Demand for hybrid HDDs, which combines an SSD with older HDD technology, is also expected to increase.

"Use of these new thin HDDs and hybrid HDDs will proliferate because these devices are smaller in size and have the capability to improve overall storage performance— important variables in an age that emphasizes smaller form factors as well as optimal speed at affordable prices," said Fang Zhang, storage systems analyst at IHS.

"Both the thinner HDDs along with solid-state hybrid drives (SSHD) could even start finding acceptance in ultrathin PCs and tablet PCs—two products that now mostly use solid-state drives as their storage element. Hard disks have lost market share to SSDs, which offer better performance and can be more easily used to achieve a thinner and lighter form factor crucial to tablets and ultrathin PCs."

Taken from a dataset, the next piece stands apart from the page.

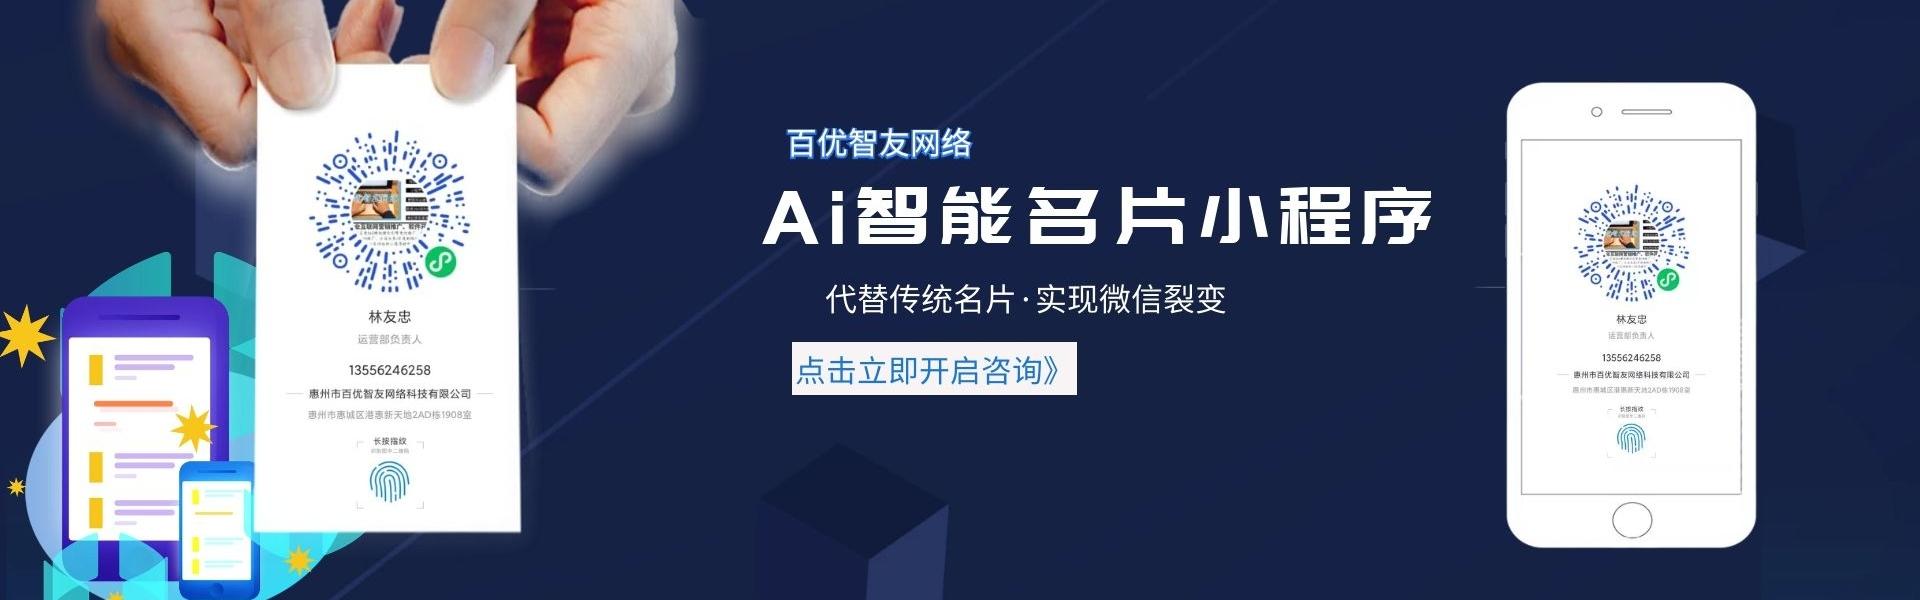 惠州超级名片小程序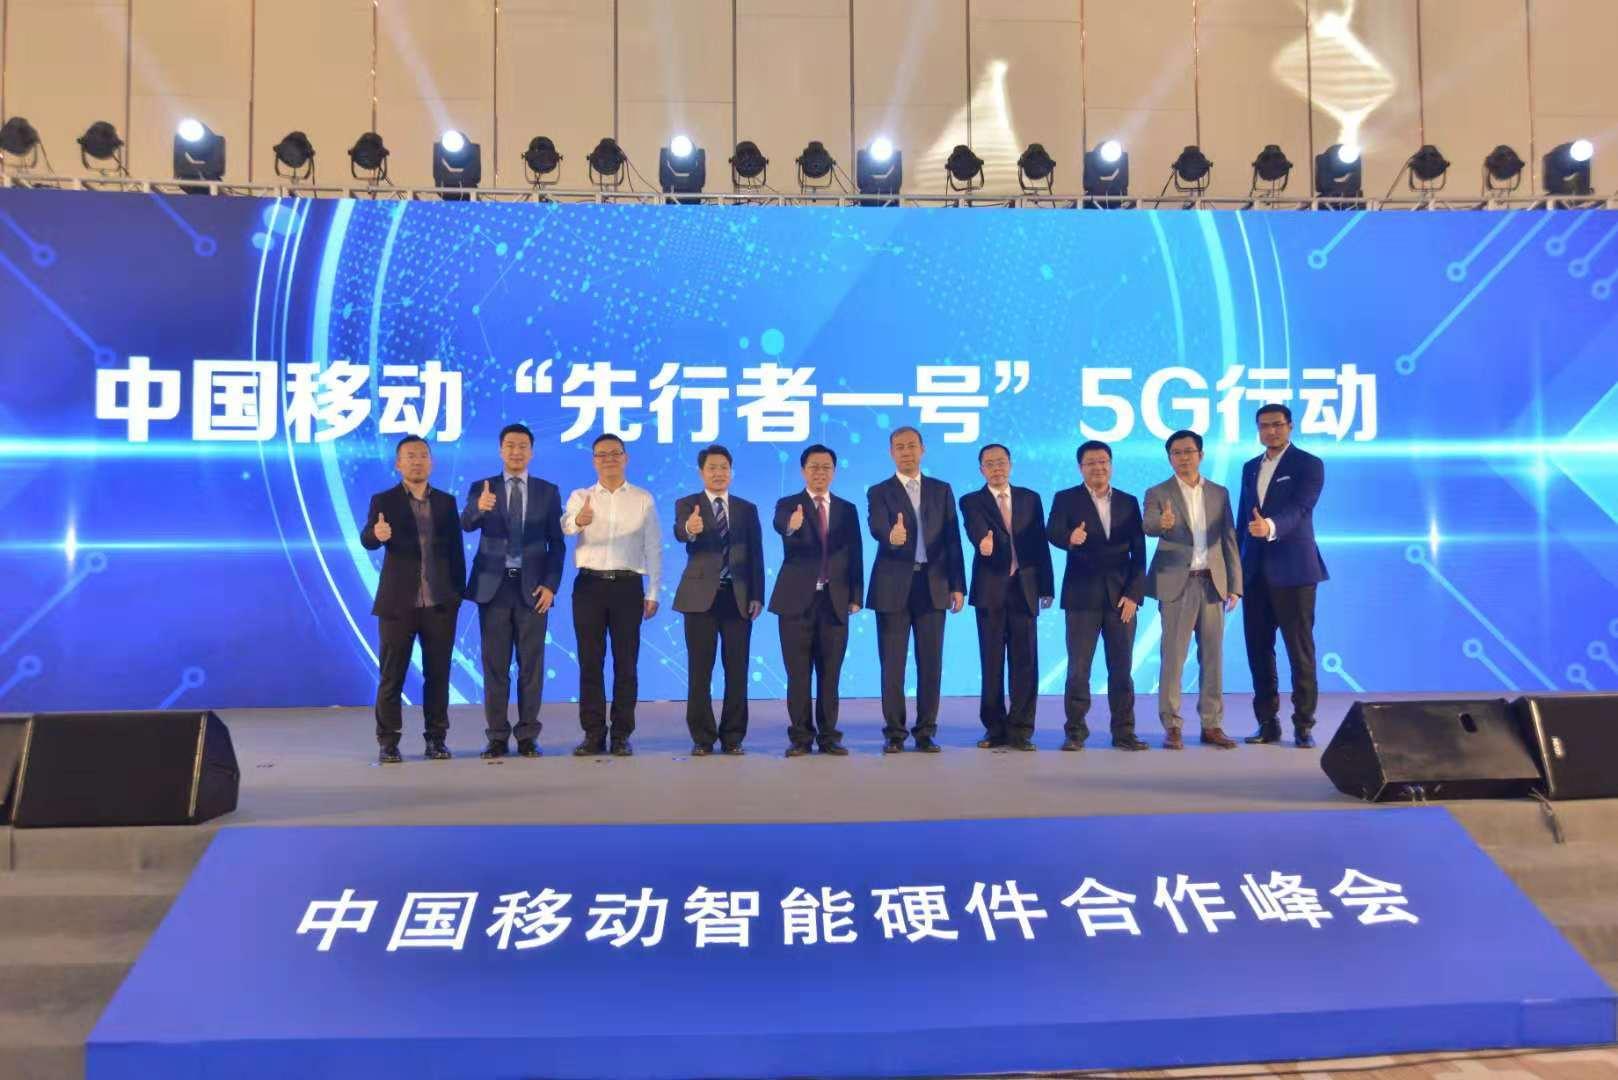 中国挪动公布5G实验终端 搭载骁龙855,可让手机等设置装备摆设接入5G网络

This year, total SSD shipments will increase by almost 90 percent to 64.6 million units. Compare this to HDD, where shipments are expected to decline 5 percent to 545.8 million units. However, IHS believes that the new and thinner HDDs could help stem losses of hard disks, especially if "their costs can fall to 10-15 percent of a tablet or to 10-20 percent of an ultrathin PC," IHS believes.

All three of the storage players – Western Digital, Seagate, and Toshiba – either have, or are expected to have, thin HDDs and SSHD on the market, ready to take advantage of this wave.